Сидел и подозрительно косился на многочисленные дыры. Вздрагивал, когда оттуда что-то заглядывало. Постепенно привык и уже не так шарахался. Все-таки самого большого страха натерпелся, когда сюда шли. Не было у него доверия к таким дырам, а там попадались вовсе неприличные, прямо-таки неправдоподобно огромные для этих... что, по идее, не должны быть толщиной с ляжку взрослого человека.
Слышал конечно всякое про червей шахт, забоев, из раскопов. И про Повелителей Червей слышал, но никак не думал, что самому придется столкнуться.
Здесь вроде бы и не Свалка, и не рядом, а откуда-то взялась и слежалась древняя органика. По стенам видно. Перепрела в незапамятные времена и не могла служить пищей кроме как для червей. И еще топливом для людей (если, конечно, хорошо высушить). Потому и копали. Потому и эти вертикальные колодцы, сейчас уже заброшенные, поверху почти затянулись, но внизу все так же. Колодцы слишком близко друг к дружке не стоят, но между ними проходы есть, правда, говорят, не все соединены. Колодцы люди рыли, а проходы между ними - черви.
Черви не грызут у них даже зубов нет. Открывает круговую пасть, и по краю губы что-то вроде слизи едкой образуется, которая разжижает твердое. Если правильно направлять червя, он как бы разрыхляет, пропускает слежавшийся грунт сквозь себя, за ним легко подбирать, но лаз получается узкий. А вот если запустить нескольких разом, да под правильным углом, так можно вынимать целиком куски. Для этого и Повелители.. Любым другим способом работать, по старинке, то случаются обвалы. Поговаривают, сами черви и обваливают, не хотят, чтобы без них что-то происходило.
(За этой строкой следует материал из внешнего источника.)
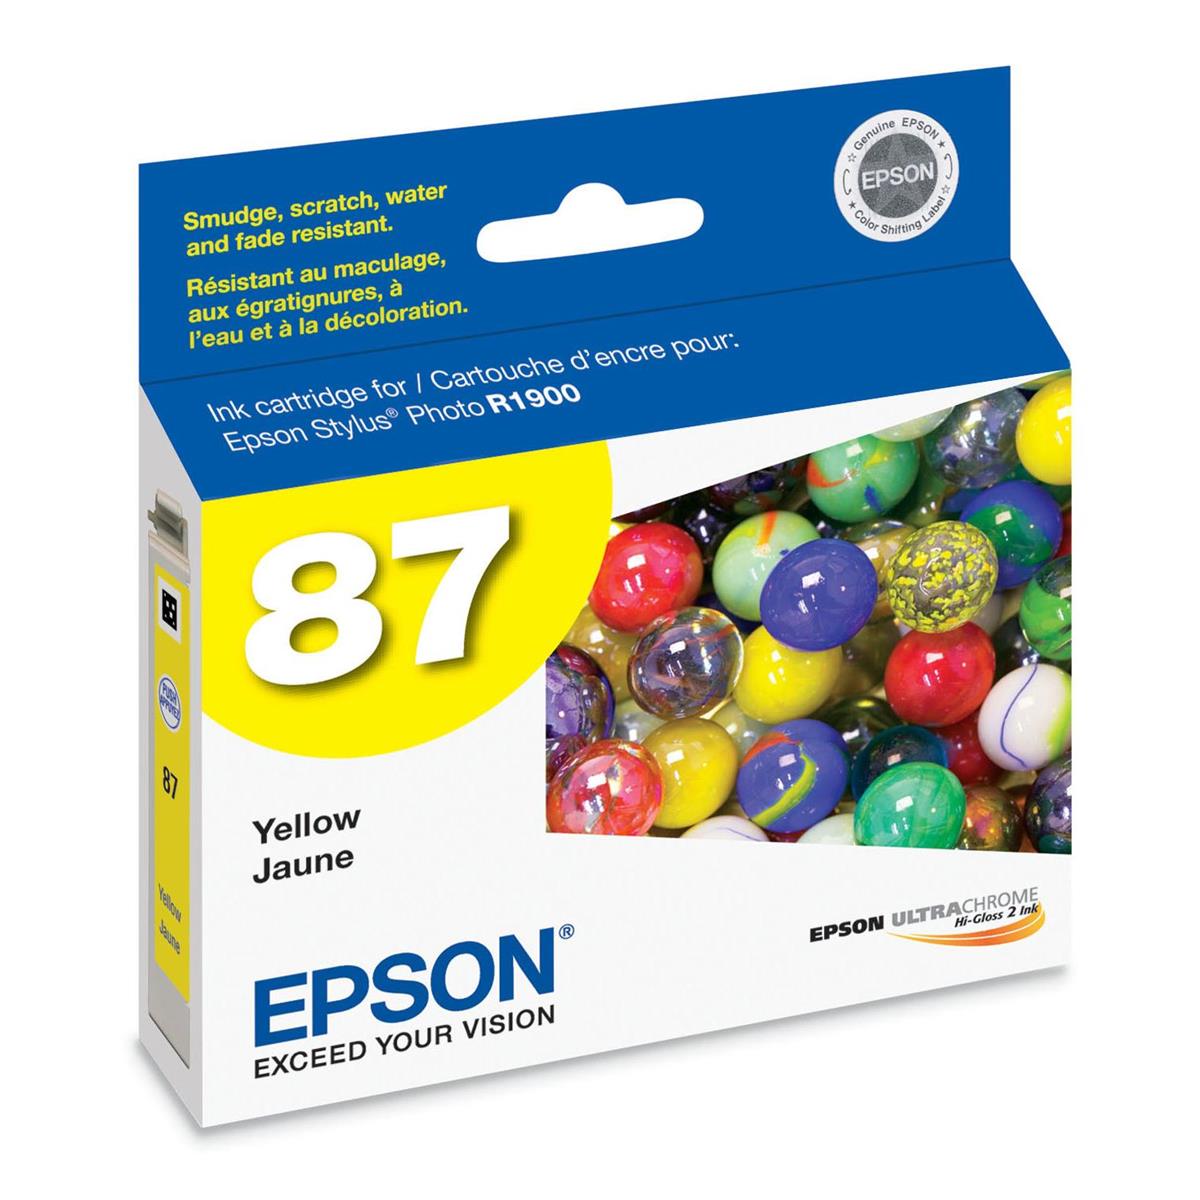 Image of Epson T087420 Cartridge for Stylus R1900

Рудокоп, если у него нет союза с червями, или если не платит Повелителям, долго не протянет. Пусть хоть сколько звонит в свой колокольчик, предупреждая, что копает, чтобы (не приведи Черный Свалочный!) ненароком не срезать лопатой мохнатую голову какого-нибудь недоростка. Рано или поздно это произойдет. У червей со всеми поверхностными договор - голова за голову, пусть даже это и хвост был. Договор невыгодный. Может быть, те специально подставляются? У червя-то, рано или поздно, заново отрастет, или даже два червя получится вместо одного, а что отрастет у человека?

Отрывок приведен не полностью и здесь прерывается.